2.1. Instrumentos de acção política

Entende-se por “instrumentos de acção política”, o conjunto de meios de acção à disposição do governo para concretizar os objectivos das políticas públicas, mediante o uso combinado de recursos como, entre outros, o direito, a informação, a organização e o consenso (Lascoumes e Galès, 2004; Subirats et al., 2008).

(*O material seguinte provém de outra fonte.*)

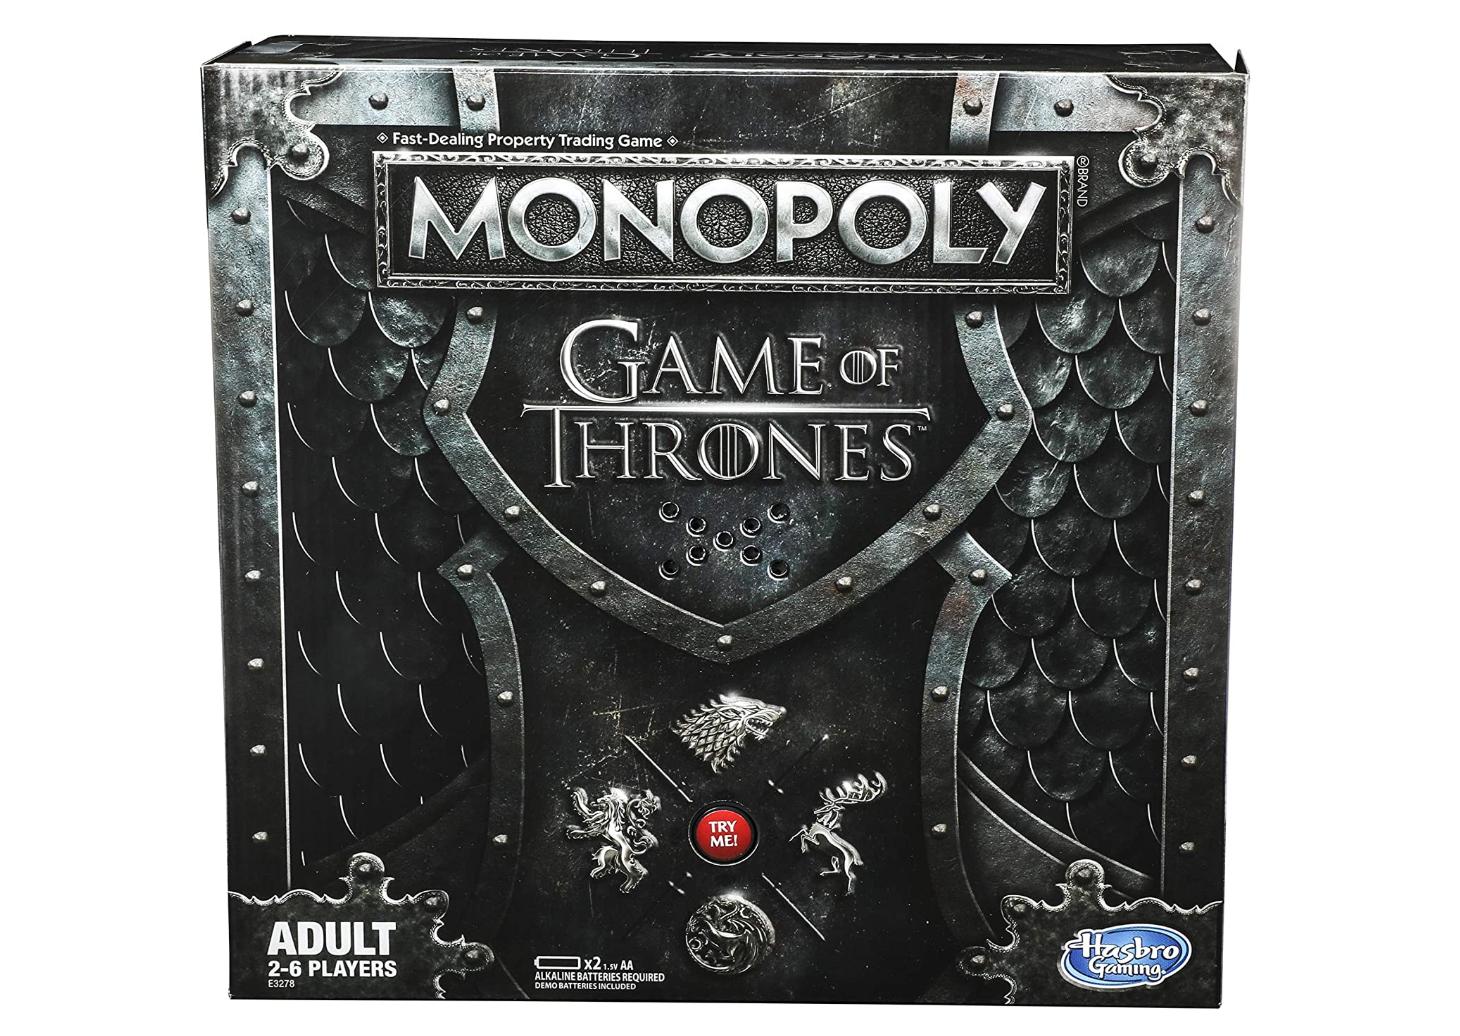 quarantine game of thrones monopoly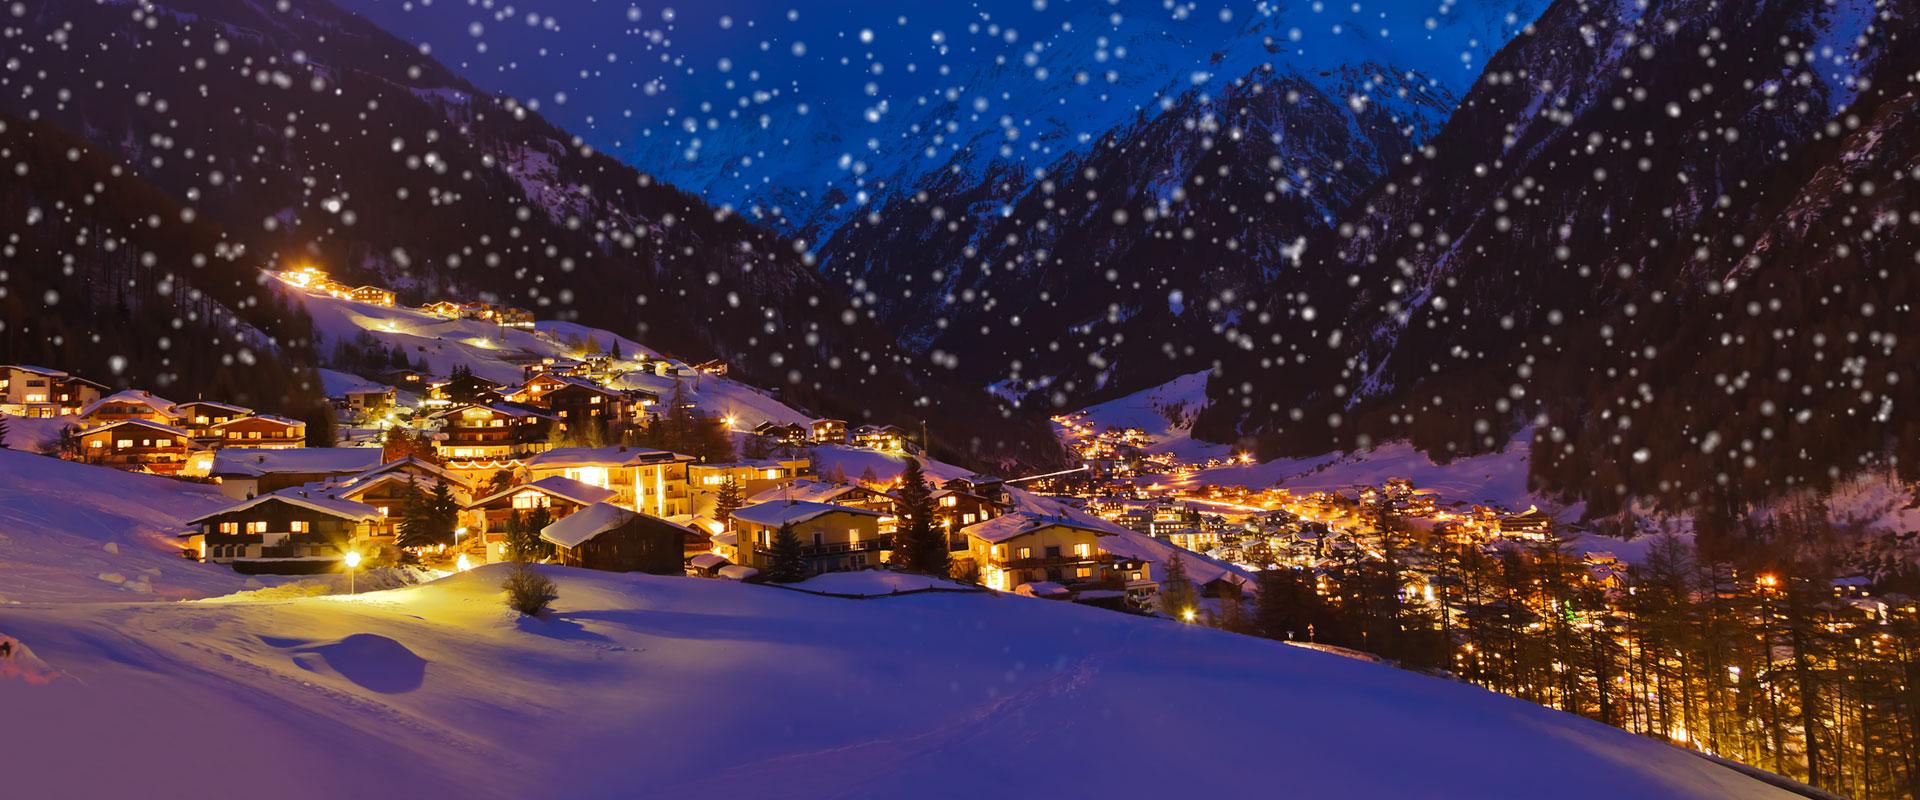 skiurlaub-tirol

Importa também ter presente que todos estes instrumentos são reveladores e portadores de significados e representações, em função dos quais se organizam as relações sociais específicas entre o poder político e os destinatários das suas acções num determinado domínio (Lascoumes e Le Galès, 2004a). Estes mesmos autores (2004b; 2007) defendem que a escolha e concepção dos instrumentos não são meras questões técnicas, pois há uma dimensão política, ideológica e axiológica nesse processo20, na medida em que esses instrumentos não são neutros: manifestam valores suportados numa interpretação do social e por concepções do(s) modo(s) de regulação. Por esta razão, a tomada de decisões deve ser vista como um processo contínuo de escolhas (Hassenteufel, 2008), não necessariamente expresso em actos formais mas diluído numa soma de pequenas decisões de todos os dias (Halpern, 2004).

Os instrumentos permitem, igualmente, revelar as características do Estado (através do Governo) em acção (Barroso, 2006), evidenciando os sinais característicos das suas posições, em função da escolha do tipo de instrumentos considerado adequado: velhos (legislativo e regulamentar; económico e fiscal) e novos (convencional e incitante; informativo e comunicacional; normas e boas práticas). A título de exemplo, a introdução de instrumentos técnicos parece uma tentativa de despolitizar a acção pública (Lascoumes e Le Galès, 2007) e através deles o Governo procura impor as suas representações e regras de jogo, face às quais os restantes actores se vão posicionar.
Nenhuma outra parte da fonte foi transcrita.